[Extracted records]
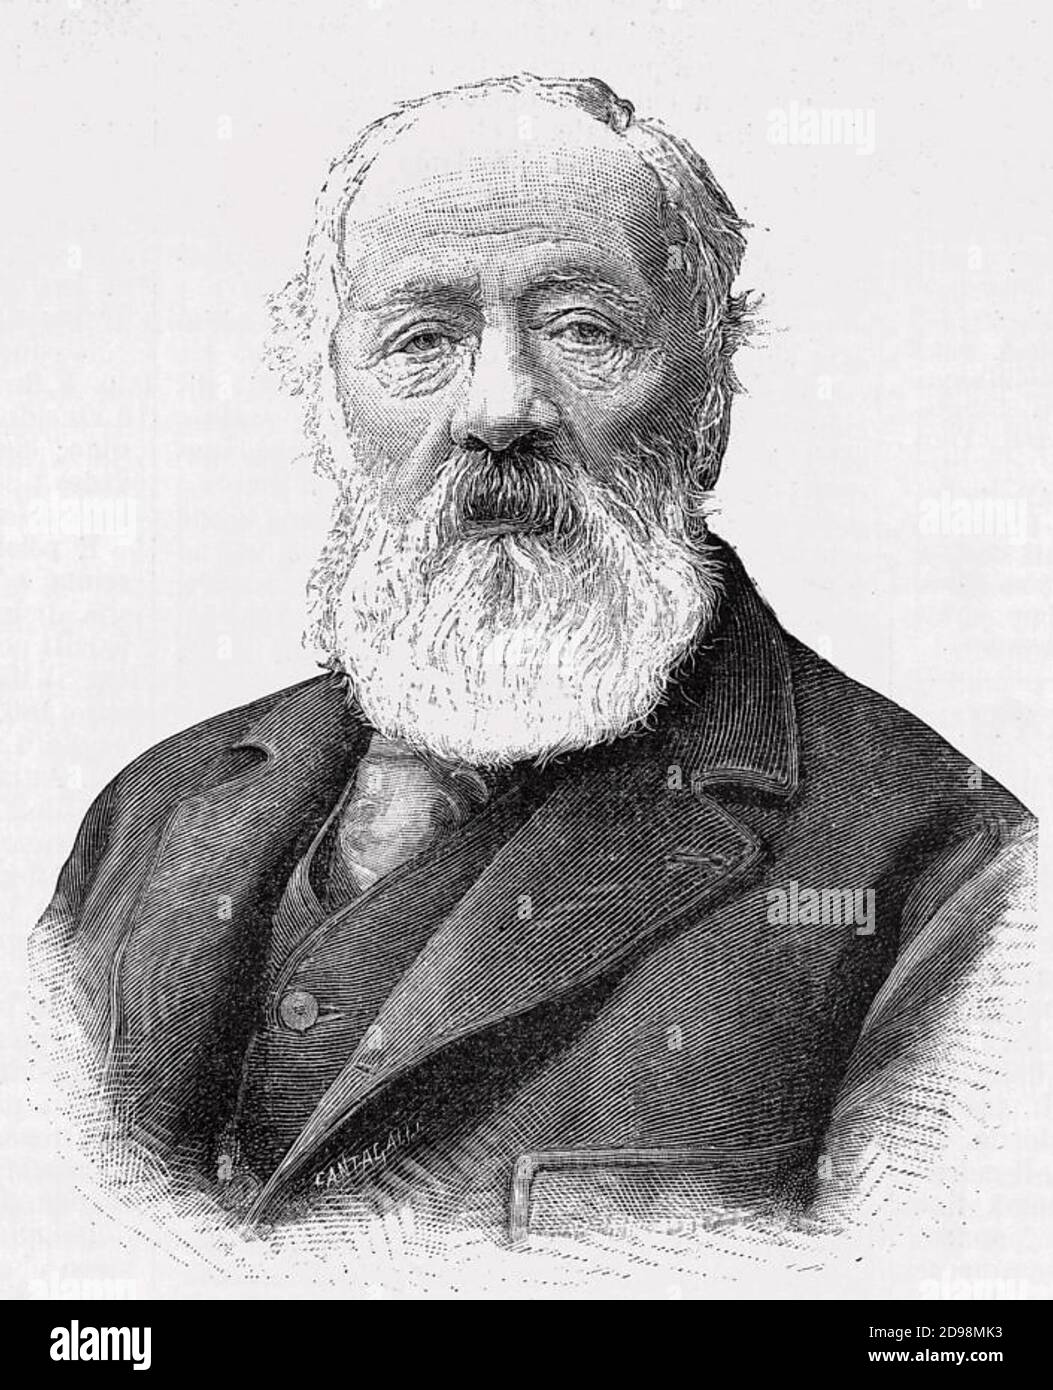 ANTONIO MEUCCI (1808-1889) inventore italiano, circa 1879 Foto Stock
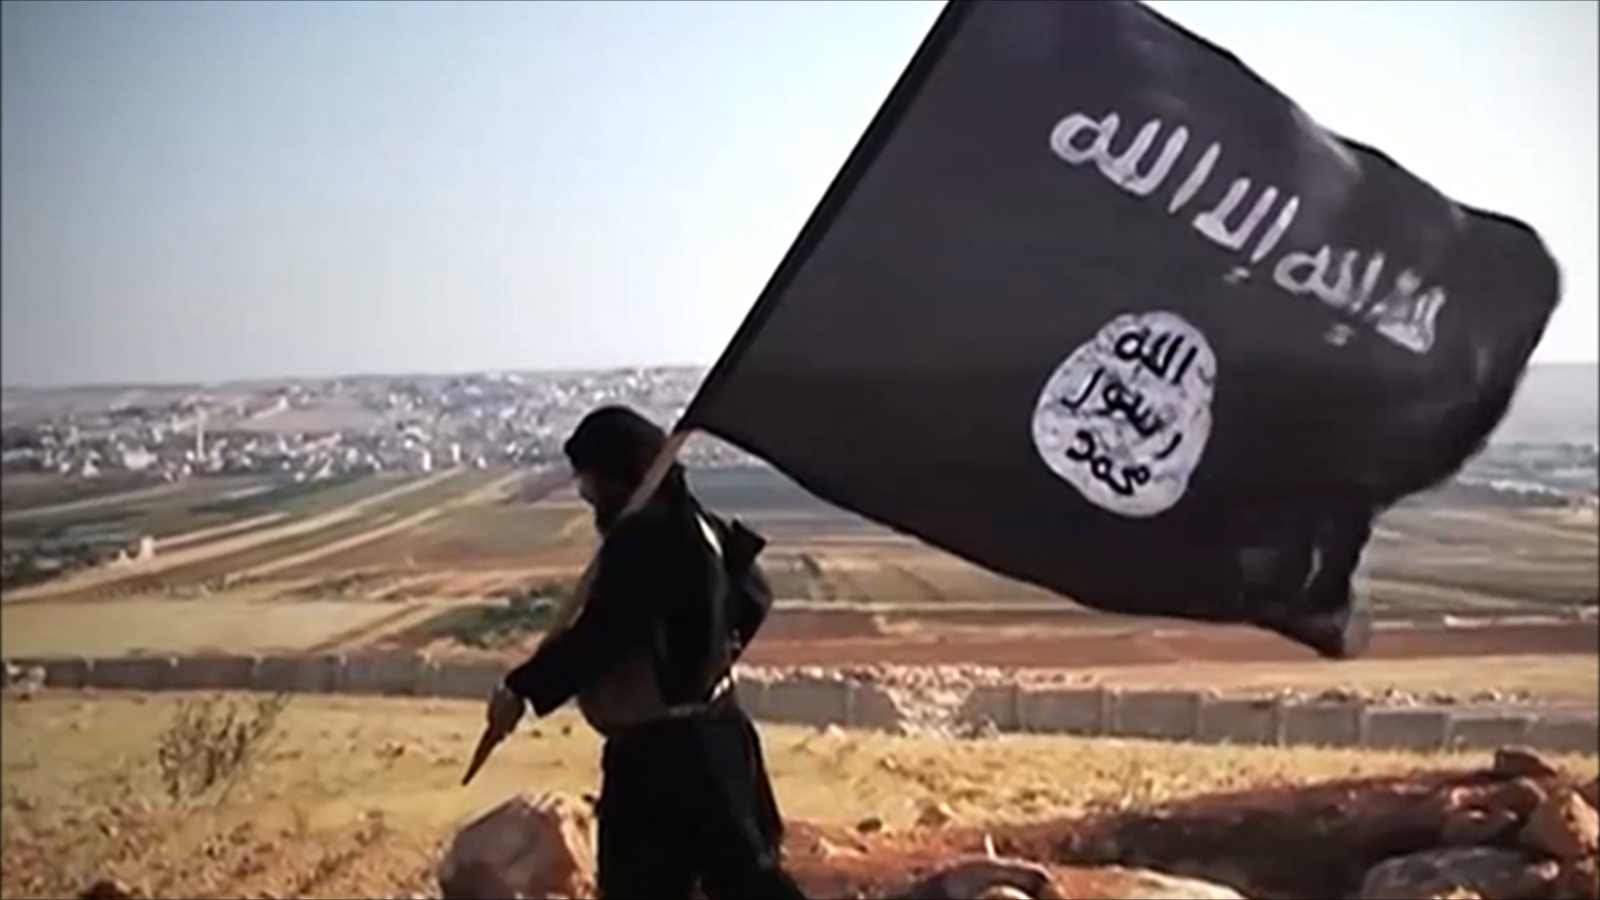   فيديو| «جند الإسلام» تنظيم تكفيري مسلح يشعل الصراع بين «داعش» و«القاعدة»
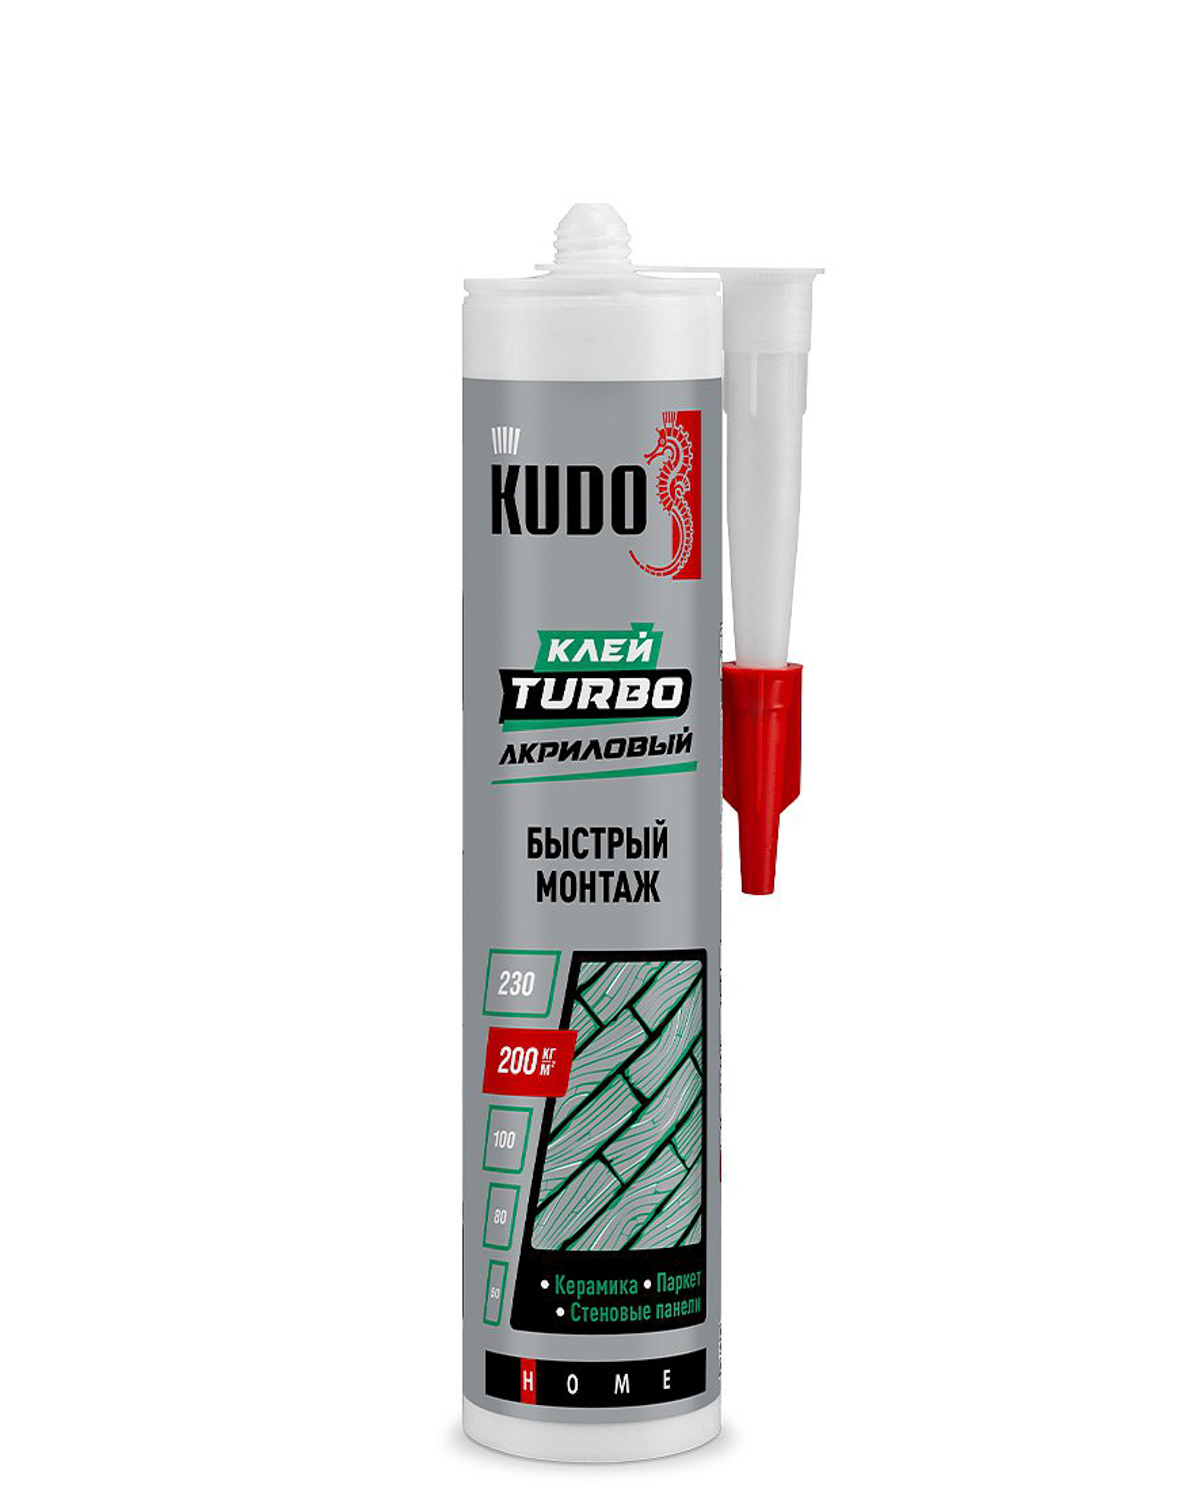 Клей Kudo Turbo для быстрого монтажа универсальный белый KBK-331 280 мл клей kudo
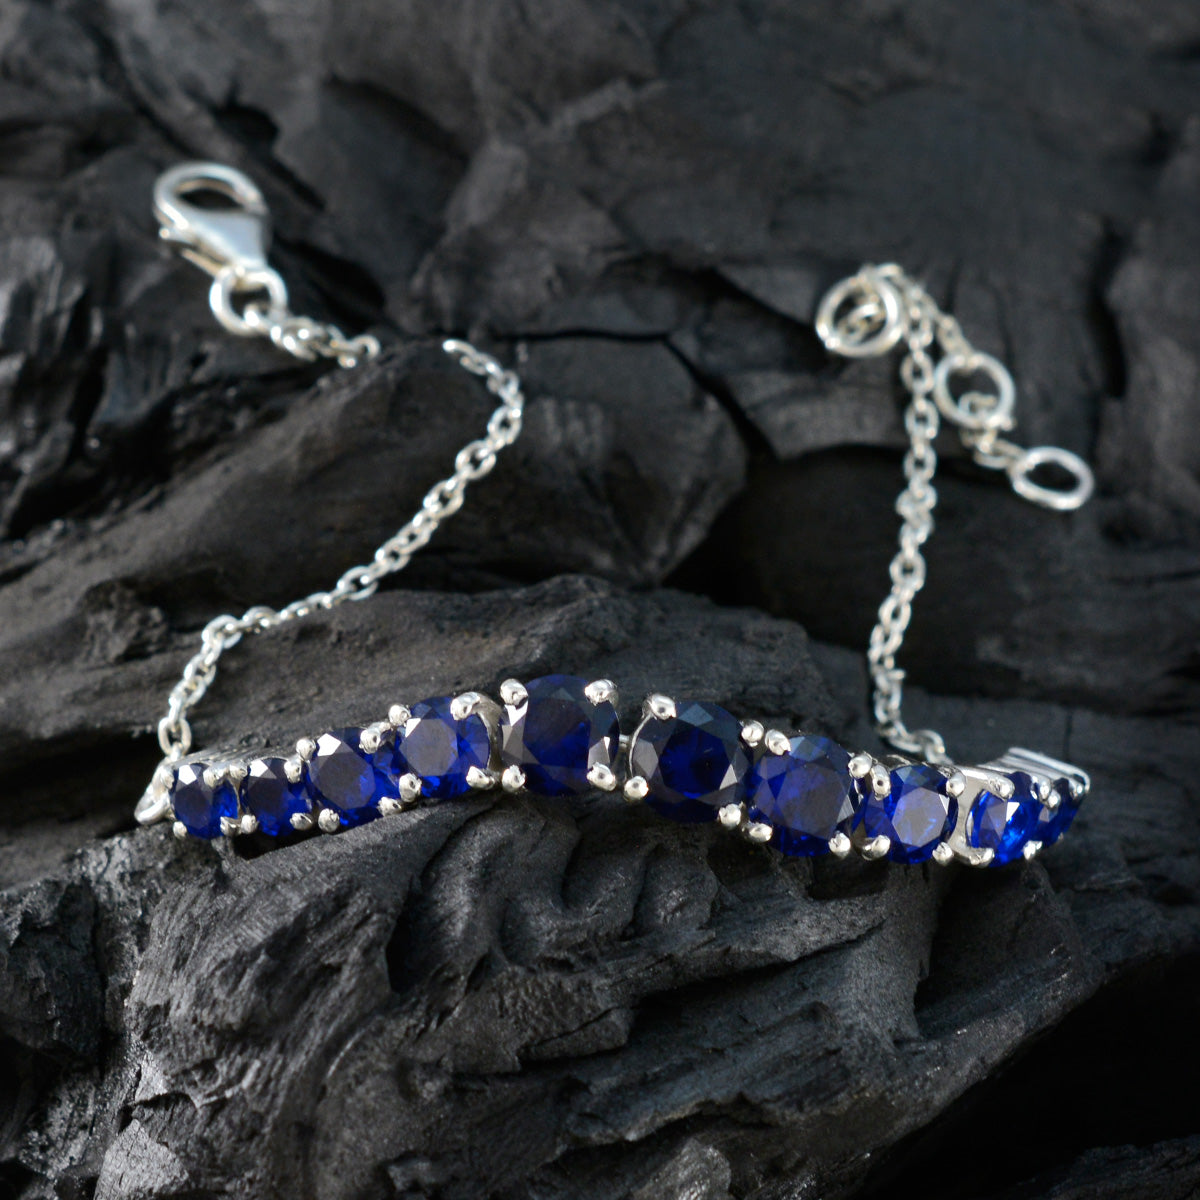 Riyo Bestes 925er-Sterlingsilber-Armband für Mädchen, blaues Supphire-CZ-Armband, Krappenfassung-Armband, Angelhaken-Tennisarmband, L, Größe 15,2–21,6 cm.
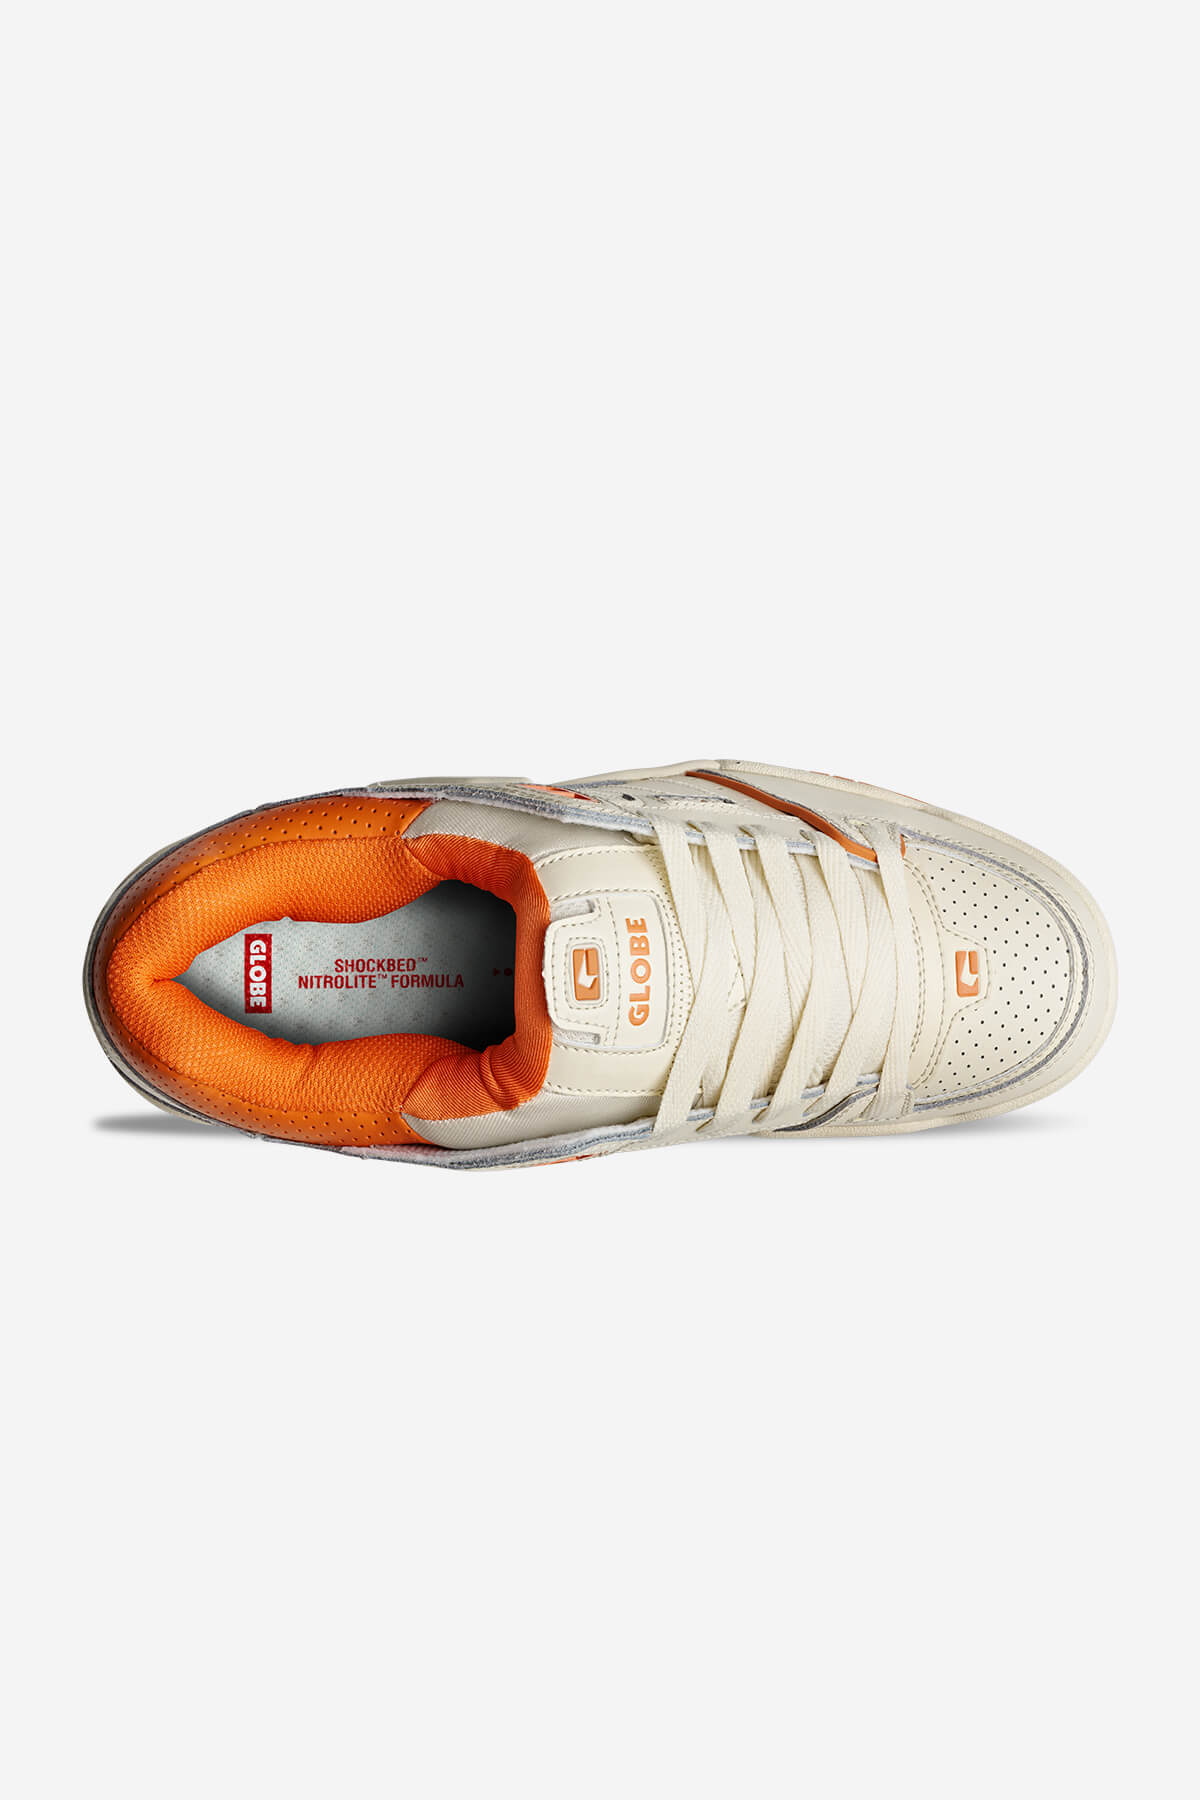 Globe Low shoes Fusion - Antique/Orange in Antique/Orange

Exercise requirements:
Working from the records above, reproduce exactly the lines from the one with "Riyo Bestes 925er-Sterlingsilber-Armband" through the last line, without the pictures.

Answer space:
 Riyo Bestes 925er-Sterlingsilber-Armband für Mädchen, blaues Supphire-CZ-Armband, Krappenfassung-Armband, Angelhaken-Tennisarmband, L, Größe 15,2–21,6 cm.
 Globe Low shoes Fusion - Antique/Orange in Antique/Orange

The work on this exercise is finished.